Hoy después de la aprobación del presupuesto de educación, de las reformas políticas y de la desocupación de las universidades y colegios tomados, es obvio el fracaso del movimiento de estudiantes y profesores anarco leninistas en lo que correspondía al desafío a la supremacía institucional y con ello se mantiene el statu quo, salvo en lo del nuevo equilibrio de aprobación entre derechas y Concertación. Más allá de demostrar la falsedad que se le haría ingobernable el país a la derecha, el presidente demostró que puede recibir castigo y que no lo botarán por esa vía. En lenguaje boxeril, al no caer el actual campeón (el presidente) el round se declara empate y como el anterior (2010) lo había ganado S.P. por puntos (mineros y terremoto mediante), lo que importa ahora son los resultados de los dos rounds que quedan: las municipales (2012) y las presidenciales y parlamentarias (2013).

Si la Alianza sube en relación al 2008 en votos, concejales o alcaldes, la elección del 2013 se dará en condiciones donde el apoyo (o su ausencia) de S.P. será muy importante, tanto como la capacidad de noquear lo es para los boxeadores.
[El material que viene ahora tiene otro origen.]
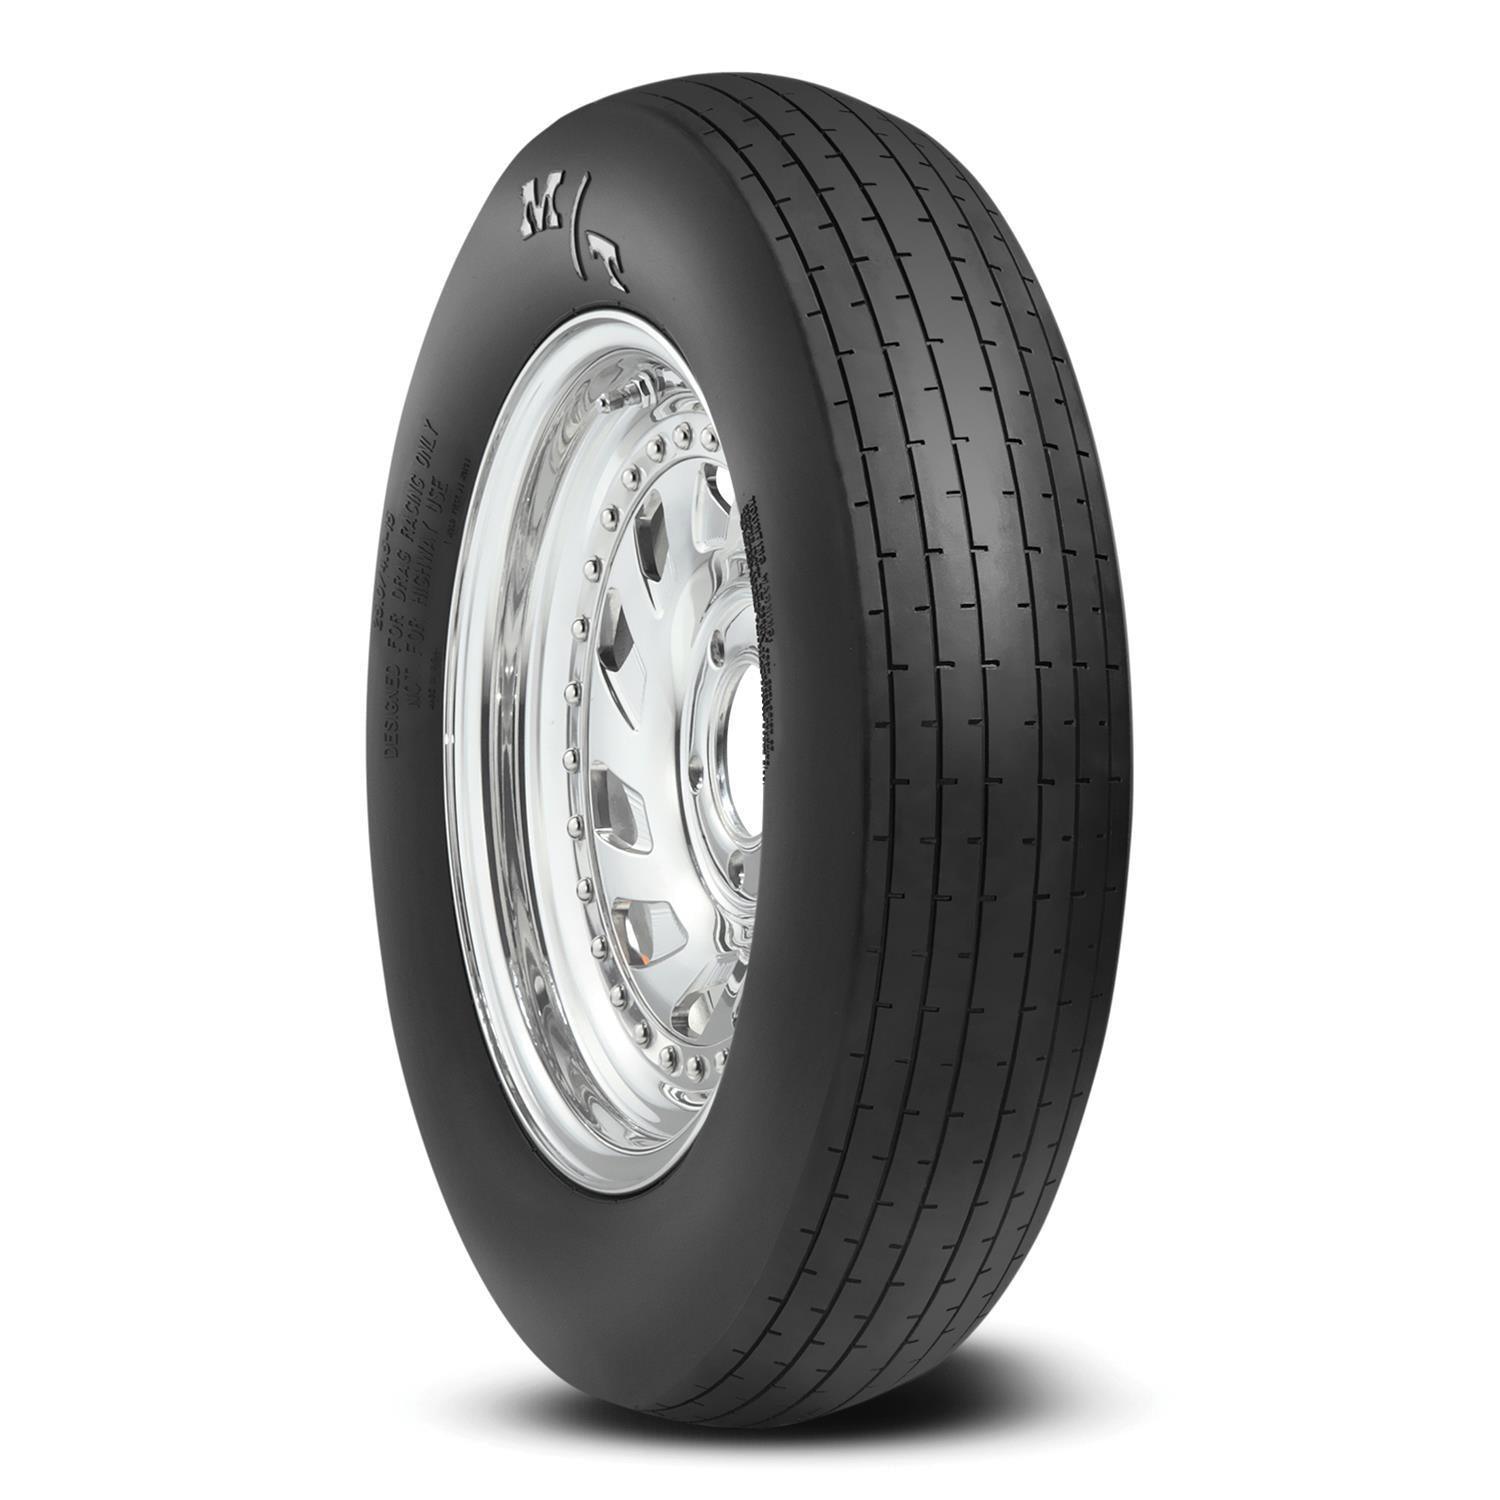 27.5x4.0-15 ET Drag Front Tire - Burlile Performance Products

Considérese primero, que la Alianza llega en las mejores condiciones a la competencia electoral 2012 desde el retorno a la democracia; con la Concertación sin acceso al financiamiento estatal y con inscripción automática y voto voluntario. Este último como es sabido, favorece a las opciones de derecha o a los recipientes de las preferencias de los más educados y afortunados, que en el caso chileno es extremadamente sesgado a favor de la derecha. Considérese que el único sector donde el presidente ha mantenido o mejorado la evaluación de su gestión en todas las encuestas, es en la política económica en el ABC1. A lo anterior debe agregarse la cada vez más notoria izquierdización de la Concertación, a consecuencia de las acciones del PC, como a la cada vez más articulada estrategia del senador Girardi y sus aliados que prefieren oponerse a Piñera y al modelo económico con lucro, que gobernar con la DC y manteniendo el statu quo.